Decoding the Sky: Visualizing UFO Sightings with Power BI

If you’ve ever gazed at the night sky and wondered if maybe we are not alone, or binge-watched episodes of The Secret of Skinwalker Ranch, then this article is for you. By the way, I highly recommend The Secret of Skinwalker Ranch, though it may not be for everyone. Dr. Travis Taylor is brilliant on the show, using physics to explain some of the wild phenomena. He reminds me of a real-life MacGyver!

I’ve always been fascinated by anything related to space or aliens, and I read up on any new discoveries in these areas. The kid in me can’t help but get excited whenever I encounter a new mystery. So, when I was brainstorming a fun way to dive into data storytelling, I decided to explore reports on notable unidentified flying objects (UFOs) sightings

Before we dive into the project, let’s talk about the essential ingredients for telling a great data story.

  1. Highlight Key Discoveries: Just like books highlight the key moral or lesson learned from the story, your data should immediately highlight what you’ve discovered from analyzing it.
  2. Identify Trends and Patterns: Don’t just throw data at people like confetti at a wedding. Instead, help them see the patterns and context around the data, so they can understand the bigger picture.
  3. Enable Deeper Exploration: An insightful data story should let the audience dive deeper into specific data points or segments, giving them the chance to explore the details that matter most.

The Project

For this project, I developed a dashboard in Power BI (Business Intelligence). For anyone new to this field, Power BI is a business analytics tool from Microsoft that helps users visualize and share insights from their data. It allows you to create interactive reports and dashboards, pulling data from various sources (such as Excel, databases, and online services).

The data I used was from the National UFO Reporting Center (NUFORC), a private, non-profit organization that collects and publishes reports of UFOs from around the world. Founded in 1974 by Robert J. Gribble, it serves as a central hub for individuals who witness strange aerial phenomena and wish to report their experiences.

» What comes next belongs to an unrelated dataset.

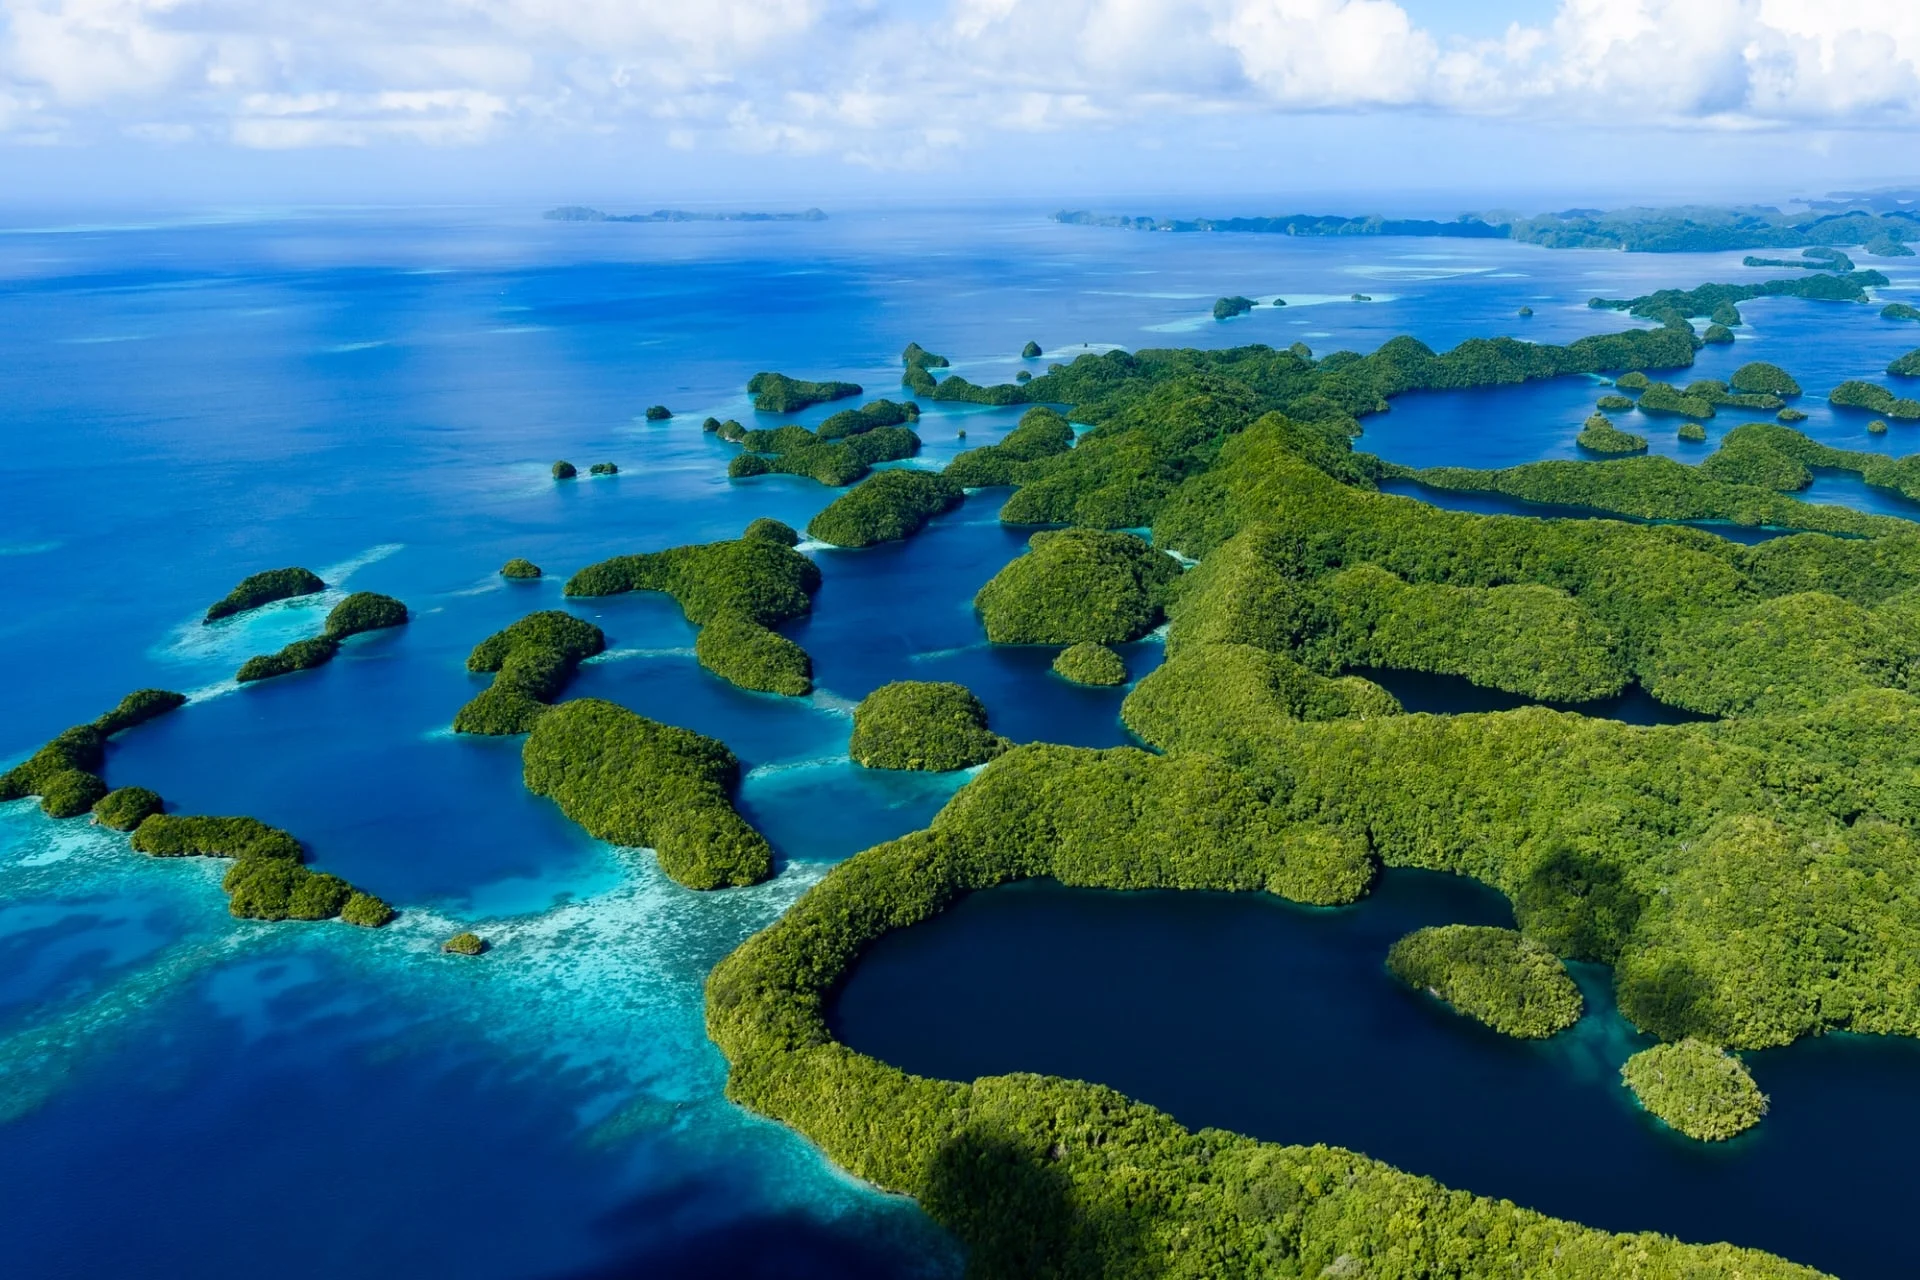 An aerial view of a group of islands in the ocean.

The dataset includes the following key fields:

Datetime: The date and time when the UFO sighting was reported.
City: The location of the sighting.
State/Province: The region where the sighting occurred.
Country: The country where the sighting was reported.
Shape: The reported shape of the UFO (e.g., circle, light, sphere, etc.).
Summary: A brief description of the sighting.
Report Date: The date the report was filed.
Explanation: The possible explanation for the sighting (e.g., drone, satellite, planet/star).

Data was pulled based on Datetime Jan 2020 to Jan 2025.

Building the Data Story

Step 1: Exploratory Data Analysis (EDA)

Before jumping into data storytelling, it’s crucial to perform Exploratory Data Analysis (EDA). EDA helps you determine whether the data is complete and if there’s enough content to actually tell a story. This involves checking counts, identifying any null values, and spotting odd data points—like future dates (spoiler: they’re probably not coming from a time traveler, although I wish that were possible!). It’s essential to thoroughly check the data to ensure it’s reliable enough to build your story upon.

My experience reviewing the data indicated that it appeared to have complete information based on the available data points. One challenge was that the city or state wasn’t always populated; however, the country was always present. Out of the 25,700 data points, 44 were missing the state, which is a very small percentage.

The other issue identified was that the Explanation field contained duplicate values due to the presence of ‘?’ or ‘-‘. Some cleanup would be needed to group these values together.

Step 2: Data Cleanup and Creating Calculated Columns

To clean up the data, I created a calculated column using DAX in Power BI. DAX (Data Analysis Expressions) is a powerful formula language used in Microsoft Power BI, which helps you build calculated columns, measures, and more. I chose to remove unwanted characters and concatenated the city, state and country.

Location = 
VAR CleanCity = IF(TRIM([City]) = "-" || TRIM([City]) = "0" || ISBLANK([City]), "Unknown City", [City])
VAR CleanState = IF(TRIM([State]) = "-" || TRIM([State]) = "0" || ISBLANK([State]), "Unknown State", [State])
VAR CleanCountry = IF(TRIM([Country]) = "-" || TRIM([Country]) = "0" || ISBLANK([Country]), "Unknown Country", [Country])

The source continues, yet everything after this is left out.